### Retrieval-augmented generation (RAG)

Retrieval-augmented generation (RAG) is an AI framework that synergizes the capabilities of LLMs and information retrieval systems. It's useful to answer questions or generate content leveraging external knowledge. There are two main steps in RAG: 
1) **retrieval**: retrieve relevant information from a knowledge base **with text embeddings stored in a vector store**; 
2) **generation**: insert the **relevant information to the prompt** for the LLM to generate information. 

### Documentation

- Mistral API: https://docs.mistral.ai/api/
- Langchain: https://python.langchain.com/docs/introduction/

In [1]:
import os
from dotenv import load_dotenv
from mistralai import Mistral
import warnings
warnings.filterwarnings("ignore")
from langchain.prompts.prompt import PromptTemplate


from langchain_community.document_loaders import TextLoader
from langchain_mistralai.chat_models import ChatMistralAI
from langchain_mistralai.embeddings import MistralAIEmbeddings
from langchain_community.vectorstores import FAISS
from langchain.text_splitter import RecursiveCharacterTextSplitter
from langchain.chains.combine_documents import create_stuff_documents_chain
from langchain_core.prompts import ChatPromptTemplate
from langchain.chains import create_retrieval_chain


In [2]:
# Load environment variables
load_dotenv()

True

In [3]:
langchain_api_key = os.getenv("LANGCHAIN_API_KEY")
mistral_api_key = os.getenv("MISTRAL_API_KEY")

In [24]:
client = Mistral(api_key=mistral_api_key)

In [4]:
loader = TextLoader("../data/rag/towns.txt", encoding="utf-8")
# loader = TextLoader("../data/rag/Growth_and_decline_in_rural_Spain.pdf")

In [5]:
docs = loader.load()

In [6]:
docs

[Document(metadata={'source': '../data/rag/towns.txt'}, page_content='Galapagar is a town of 20,000 habitants. It is in Madrid. It has a warm climate in summer and cold in winter. It has several schools in the surroundings and two hospitals nearby.
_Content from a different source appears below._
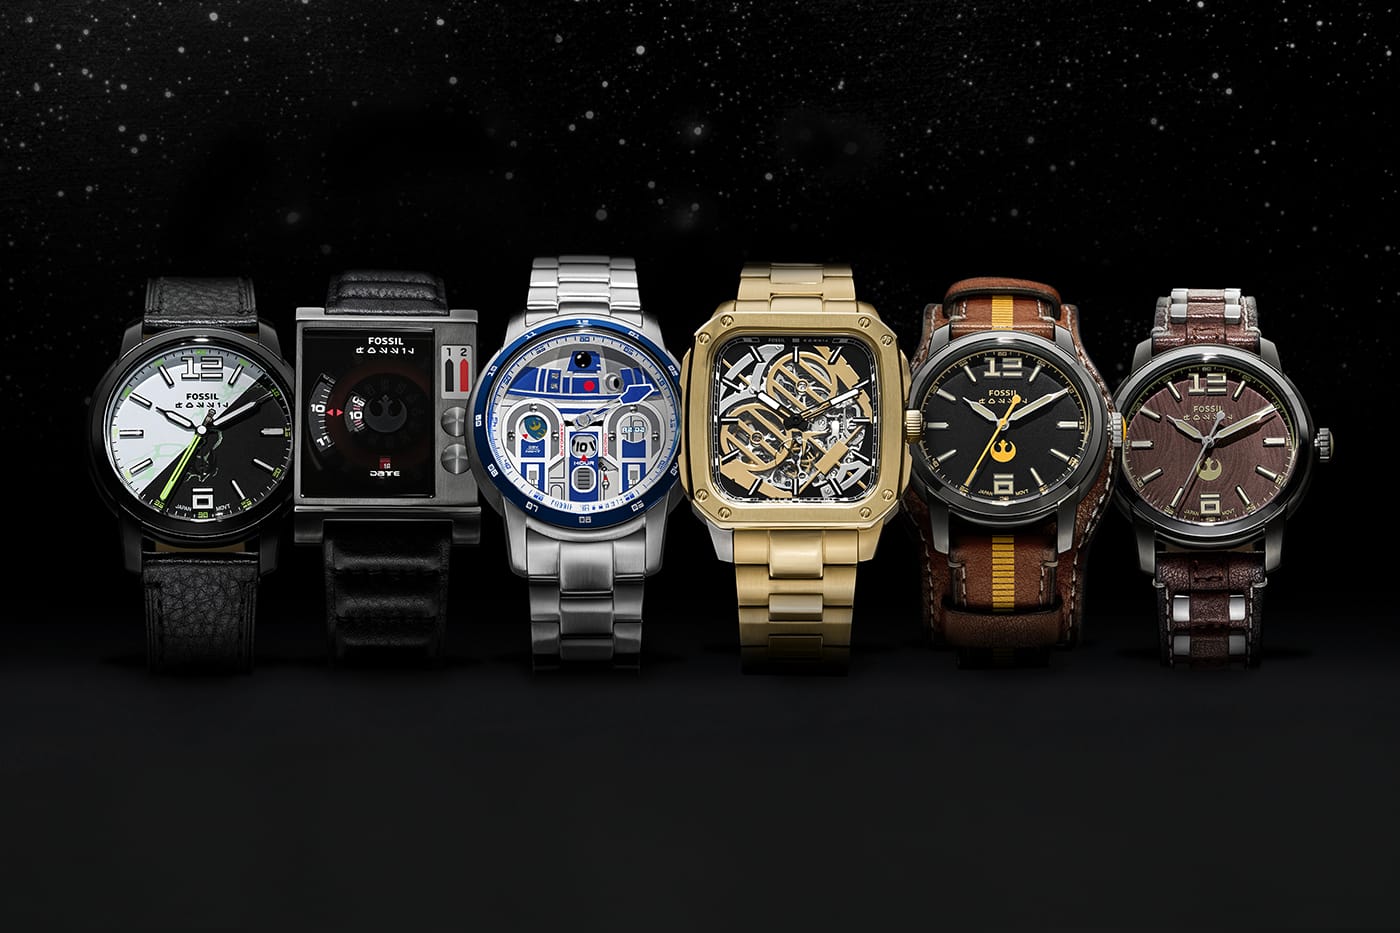 Fossil 'Star Wars' Watch Collaboration Release | Hypebeast
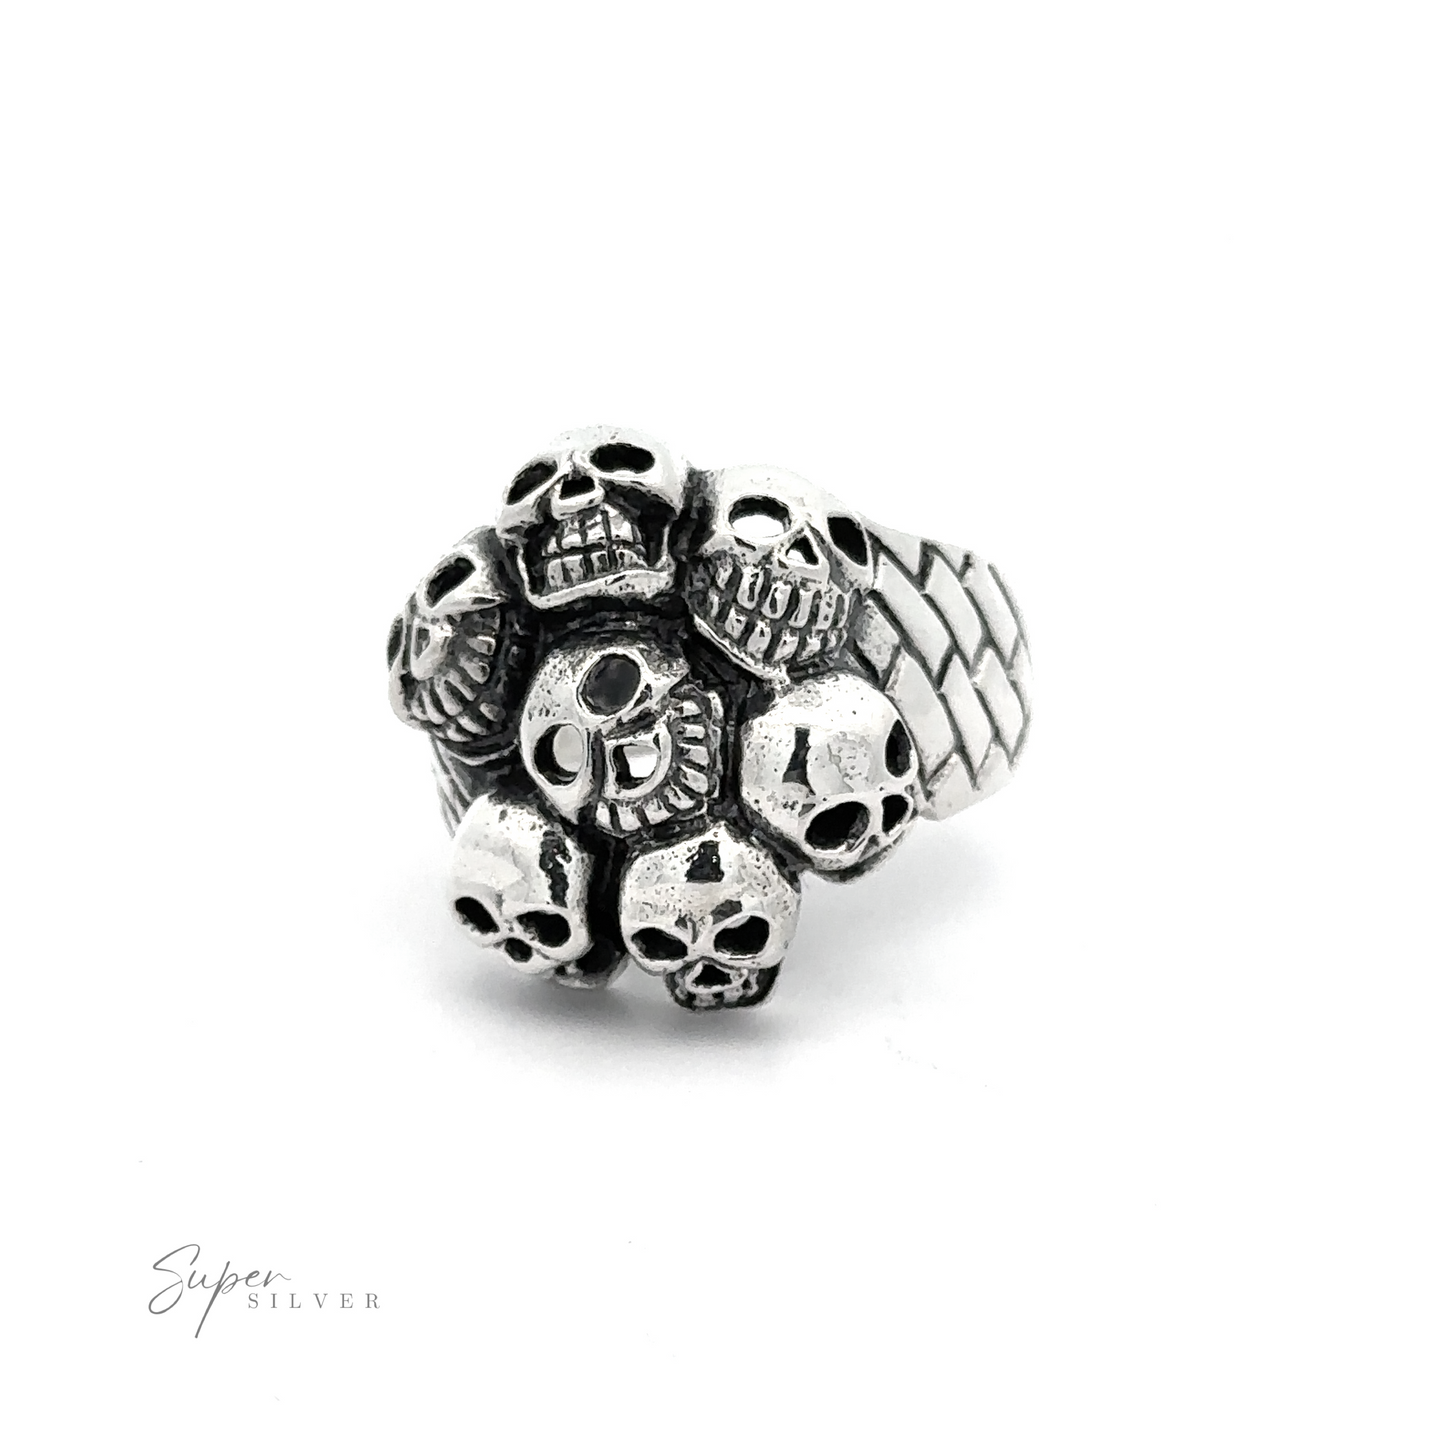 A Seven Grinning Skulls Ring featuring a cluster of small skulls on the band, displayed against a plain white background. The distinctive style and unique craftsmanship make it stand out. The brand “Super Silver” is noted in the bottom left corner.

Its job situation is good enough. It has excellent connections, and the cost of living is 140 EUR a day. It is not close to the beach.\n\nSantander is a town of 170,000 habitants. It is in Cantabria. It has mild summers and cool winters. It has several schools in the surroundings and three hospitals nearby. Its job situation is fair. It has excellent connections, and the cost of living is 120 EUR a day. It is close to the beach.\n\nSegovia is a town of 55,000 habitants. It is in Castilla y León. It has a continental climate with cold winters and warm summers. It has several schools in the surroundings and two hospitals nearby. Its job situation is moderate. It has good connections, and the cost of living is 110 EUR a day. It is not close to 

In [7]:
text_splitter = RecursiveCharacterTextSplitter()
documents = text_splitter.split_documents(docs)

In [8]:
documents

[Document(metadata={'source': '../data/rag/towns.txt'}, page_content='Galapagar is a town of 20,000 habitants. It is in Madrid. It has a warm climate in summer and cold in winter. It has several schools in the surroundings and two hospitals nearby. Its job situation is good enough. It has excellent connections, and the cost of living is 140 EUR a day. It is not close to the beach.\n\nSantander is a town of 170,000 habitants. It is in Cantabria. It has mild summers and cool winters. It has several schools in the surroundings and three hospitals nearby. Its job situation is fair. It has excellent connections, and the cost of living is 120 EUR a day. It is close to the beach.\n\nSegovia is a town of 55,000 habitants. It is in Castilla y León. It has a continental climate with cold winters and warm summers. It has several schools in the surroundings and two hospitals nearby. Its job situation is moderate. It has good connections, and the cost of living is 110 EUR a day. It is not close to 

In [9]:
# Define the embedding model
embeddings = MistralAIEmbeddings(model="mistral-embed", api_key= os.getenv("MISTRAL_API_KEY"))

In [10]:
embeddings

MistralAIEmbeddings(client=<httpx.Client object at 0x00000244FDF6DA10>, async_client=<httpx.AsyncClient object at 0x00000244EFA8A690>, mistral_api_key=SecretStr('**********'), endpoint='https://api.mistral.ai/v1/', max_retries=5, timeout=120, wait_time=30, max_concurrent_requests=64, tokenizer=<langchain_mistralai.embeddings.DummyTokenizer object at 0x00000244EFC8FA90>, model='mistral-embed')

In [11]:
# Create the vector store 
vector = FAISS.from_documents(documents, embeddings)

In [12]:
# Define a retriever interface
retriever = vector.as_retriever()
# Define LLM
pueblos_model = ChatMistralAI(api_key= os.getenv("MISTRAL_API_KEY"))

In [13]:
# Define prompt template
prompt = ChatPromptTemplate.from_template("""Answer the following question following based only on the provided context:

<context>
{context}
</context>

Question: {input}
                                          
Answer should provide a selection of the 3 most likely cities for the user, and a description of each of them, then ask if they have any preference of transports or schools""")


In [14]:
# Create a retrieval chain to answer questions
document_chain = create_stuff_documents_chain(pueblos_model, prompt)
retrieval_chain = create_retrieval_chain(retriever, document_chain)

In [15]:
response = retrieval_chain.invoke({"input": "I would like to live in a sunny city with more than 5000 habitants, anywhere in spain"})

In [16]:
print(response["answer"])

Based on your preference to live in a sunny city with a population of more than 50,000 inhabitants, I have selected the following three cities in Spain:

1. Torrevieja, Alicante: With a population of 82,000 inhabitants, Torrevieja has a warm Mediterranean climate, with hot summers and mild winters. It is close to the beach and has several schools in the surroundings and one hospital nearby. Its job situation is seasonal. The cost of living in Torrevieja is 135 EUR a day, and it has good connections.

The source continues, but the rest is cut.